In key postseason games, Curry has flown while Harden has fluttered; whoever shows up bigger in games six and (if necessary) seven will decide this series and more
With 2:11 to go in the third quarter, Kevin Durant, who was averaging 35.4 points with a 50-40-90 in 40 minutes a game – the best scoring start to the playoffs since Michael Jordan – knocked down a baseline jumper, landed on his heels and looked back at his calf, limping off the court.
At that moment, the Rockets trailed by three and were in the midst of a 38-21 run. With the possibility of a serious injury for Durant, a short Warriors bench and a scoring machine who averaged 36 points per game during the regular season, they had the opportunity to begin righting their wrongs from last season’s Western Conference Finals.
But Harden and Paul, the two players taking up two-thirds of their salary cap space, managed only seven shots over that final stretch and were outscored by Stephen Curry and Klay Thompson (who went 8-14, including 3-5 on threes), 22-13. The two Rockets didn’t take a single shot from 8:58 in the fourth until Kevon Looney blocked a Paul layup with 1:17 left and were outscored by their backcourt adversaries 13-4 over that span.
The close of that game is indicative of the four players – and specifically Harden and Curry’s – history in series-clinching games.
And their play over the next two games(if necessary) will potentially define their legacies.
We know what we’re gonna get for the most part from Kevon Looney, Clint Capela, Eric Gordon, Andre Igoudala, Draymond Green, PJ Tucker, Klay Thompson and even Chris Paul.
Their numbers may vary – Thompson will certainly be closer to his 2016 playoff average of 24 points than his current average of 17.5, I doubt Paul will shoot 3-14 again and Looney will probably score more than five points, especially early in games – but for the most part, their play will be constant, as it has been for the majority of the past two playoff series.
But Curry and Harden, who have had vastly different experiences in high-pressure games, will decide who takes game six and (possibly) seven.
As much flack as Curry gets for not being clutch in the playoffs, he has been stomp-on-your-throat good in closeout games, averaging 29.55 points, 5.9 rebounds and 6.8 assists on 47.6% shooting and 44.8% on threes, all up from his career playoff numbers. Not surprisingly, the Warriors are 15-5 in such games.
He has only scored under 25 four times in 19 such games – his first, in a win against the Nuggets in 2013 (22 points), game seven of the 2016 Finals (17), and games five and six against the Clippers in the first round (24 in each game), two of which represented two of the five losses. The other three came in game seven against Chris Paul and the Clippers in 2014 and games five and six of the 2016 Finals.
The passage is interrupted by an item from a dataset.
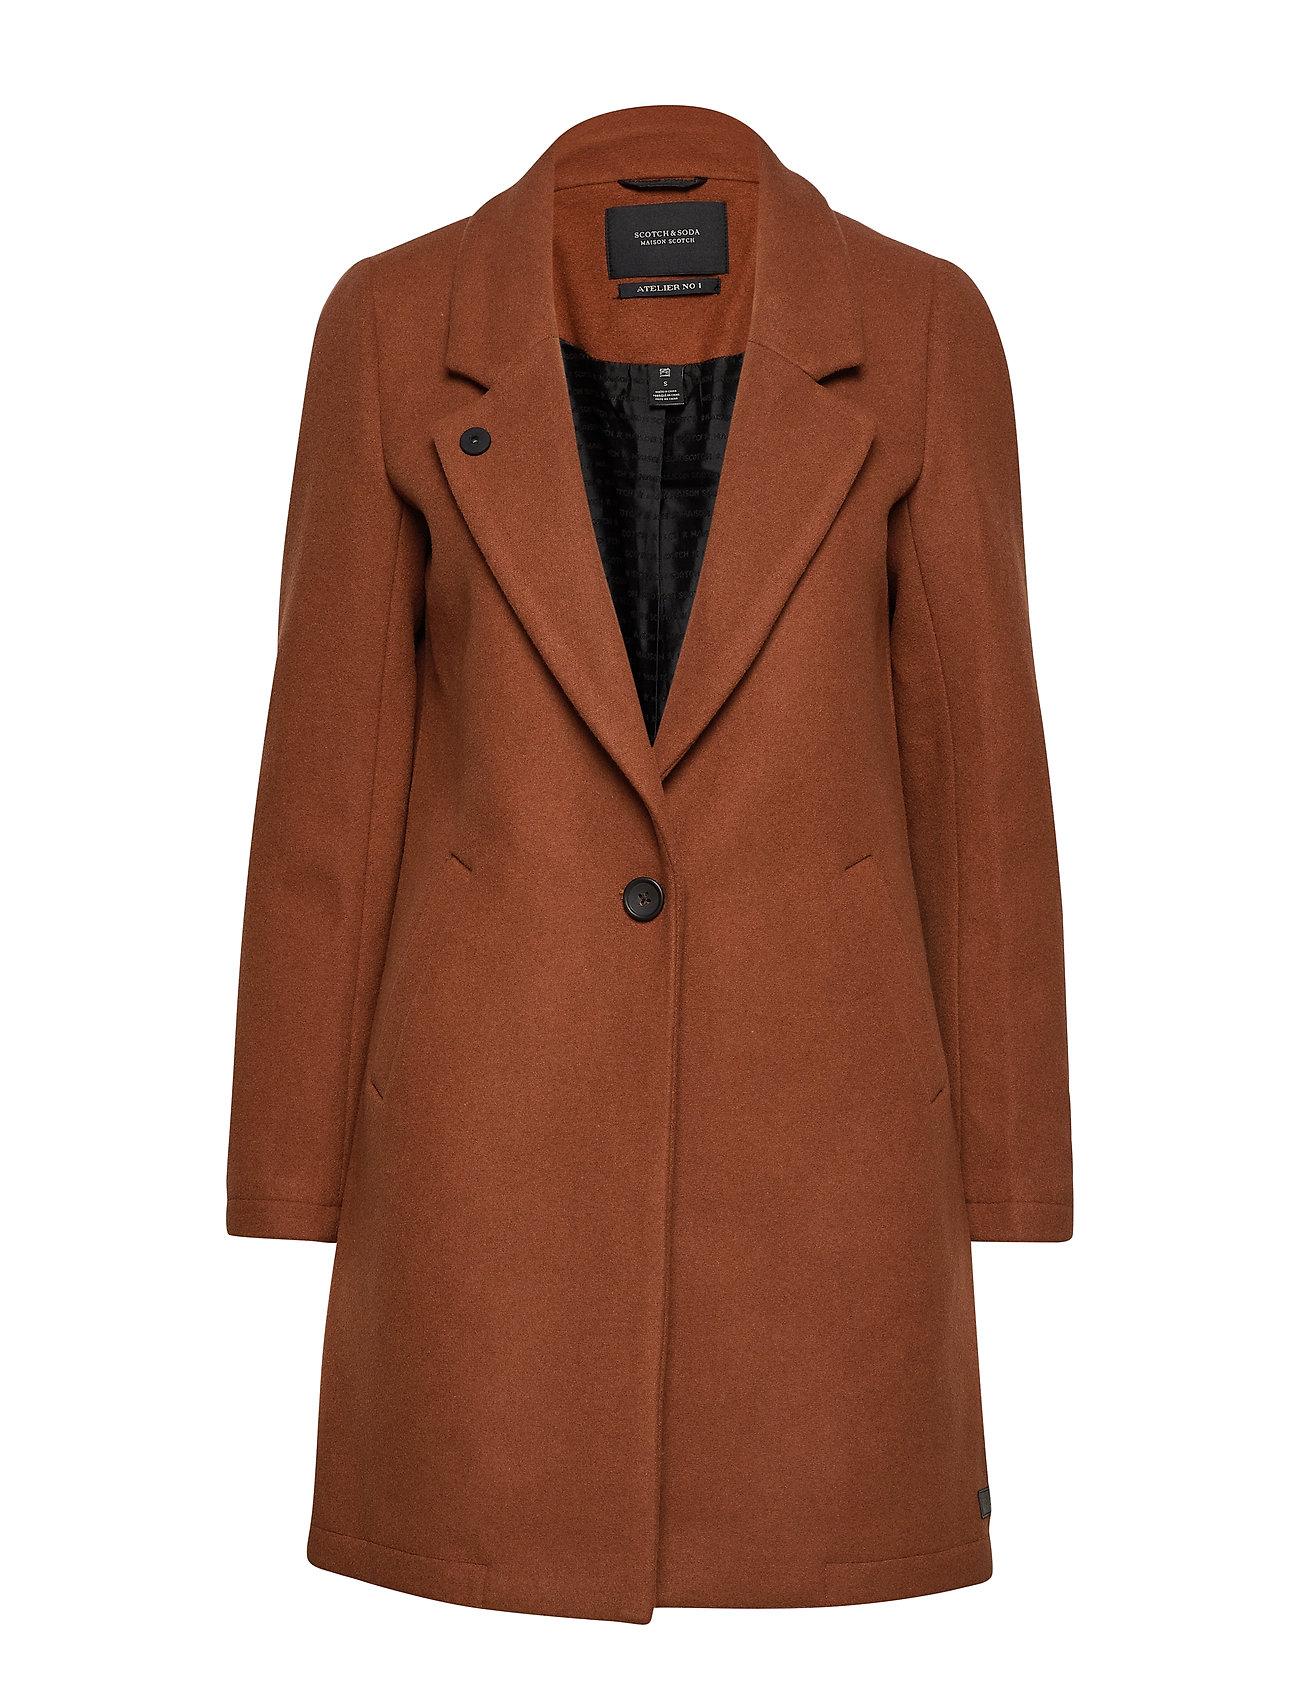 Scotch & Soda Classic tailored coat with half lining - CEDAR WOOD
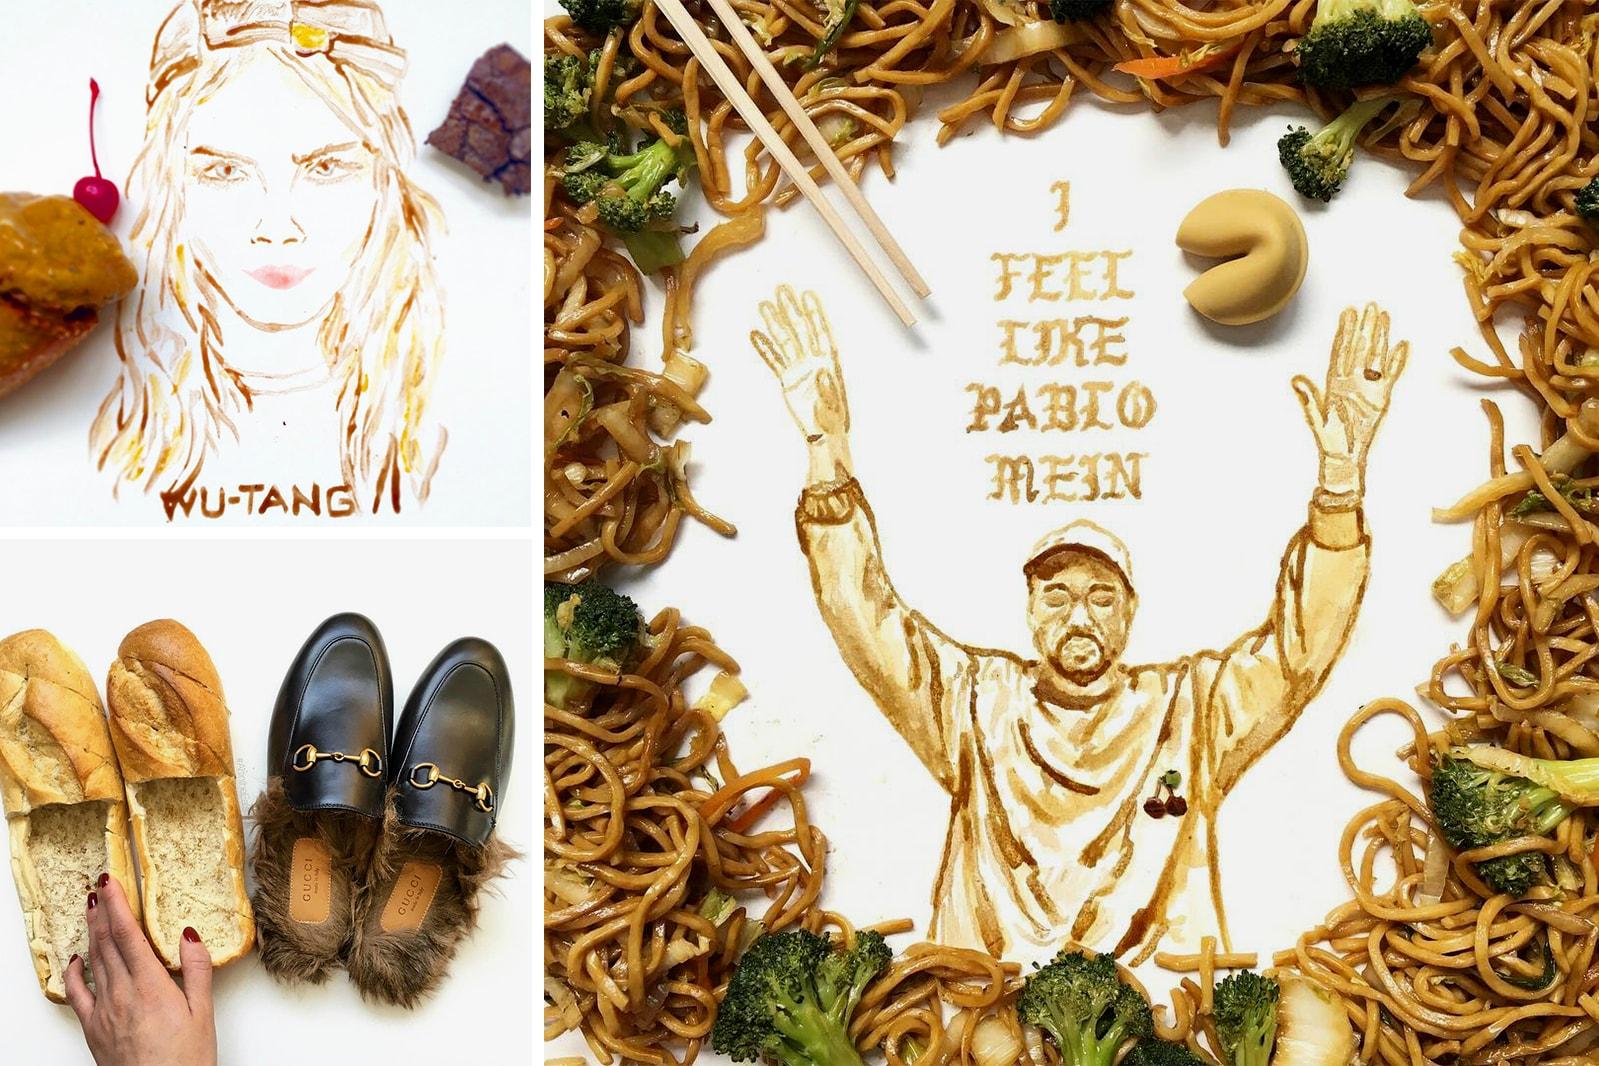 Food Accounts Instagram Kimoji Kim Kardashian Cookie Supreme Latte Drake on Cake Tisha Cherry

He has scored 35-or-more five times and has notched at least eight assists in 10 games.
It's much of the reason he is identified by many as a “front-runner” – because he closes the door in a way that has helped shut down potential champions and pick apart great rosters.
On the other side of the aisle, Harden has been prone to major disappointments in elimination games, including two especially bad ones in the 2015 WCF (14 points, 12 turnovers, 2-11 shooting) and the 2017 Western Conference Semifinals (10 points, six turnovers, 2-11 shooting in a 39-point loss).
All of his playoff averages have dipped in elimination games, dropping to 27.6 points, six rebounds, 6.3 assists, 5.4 turnovers on 40.4% shooting and 33.75% from three.
Much like it looked last night, his massive usage rate (33% in the regular season and playoffs since 2012-13 and 36% since 2016-17) wares on him late in the season, resulting in a passive Harden who is disengaged defensively and not aggressive offensively. This trend stretches all the way back to the 2014 playoffs, in game six of the first round against Portland. People remember that game for Damian Lillard’s catch-and-shoot dagger three with 0.8 seconds (accompanied by a gem of a call by Mike Tirico), but Harden – who dropped 34 points on an insanely efficient 15 shots – scored only two points on 1-4 shooting with one rebound in the fourth quarter, letting Dwight Howard (you forgot he was on the Rockets too, didn’t you) take the lead.
That same round in 2014, Curry scored 33 with 14 points in the fourth quarter in a game seven loss to the Clippers (also the last time Chris Paul won a game seven).
(For comparison, Curry has averaged 27.78 points and 7.2 assists on 44% shooting in nine career elimination games, with a 5-4 record).
With Harden, it is always about finding a balance between being efficient and being a force, and he hasn’t been able to walk that rope without tumbling to his death.
In game five, with a chance to take the reigns of the series and their championship hopes, Harden chose once again to be passive, and it once again resulted in a loss.
Curry, on the other hand, became the aggressor, taking chances and improving his efficiency at the same time.
Game six in Houston and (potentially) game seven in Oakland are going to hang on the two MVPs, and whether Curry can continue his dominance in closeout games (again, a 15-5 record) or Harden can flip the script in elimination games and finally break through with a dominant performance indicative of his regular season play will decide the next two games, and possibly define their legacies.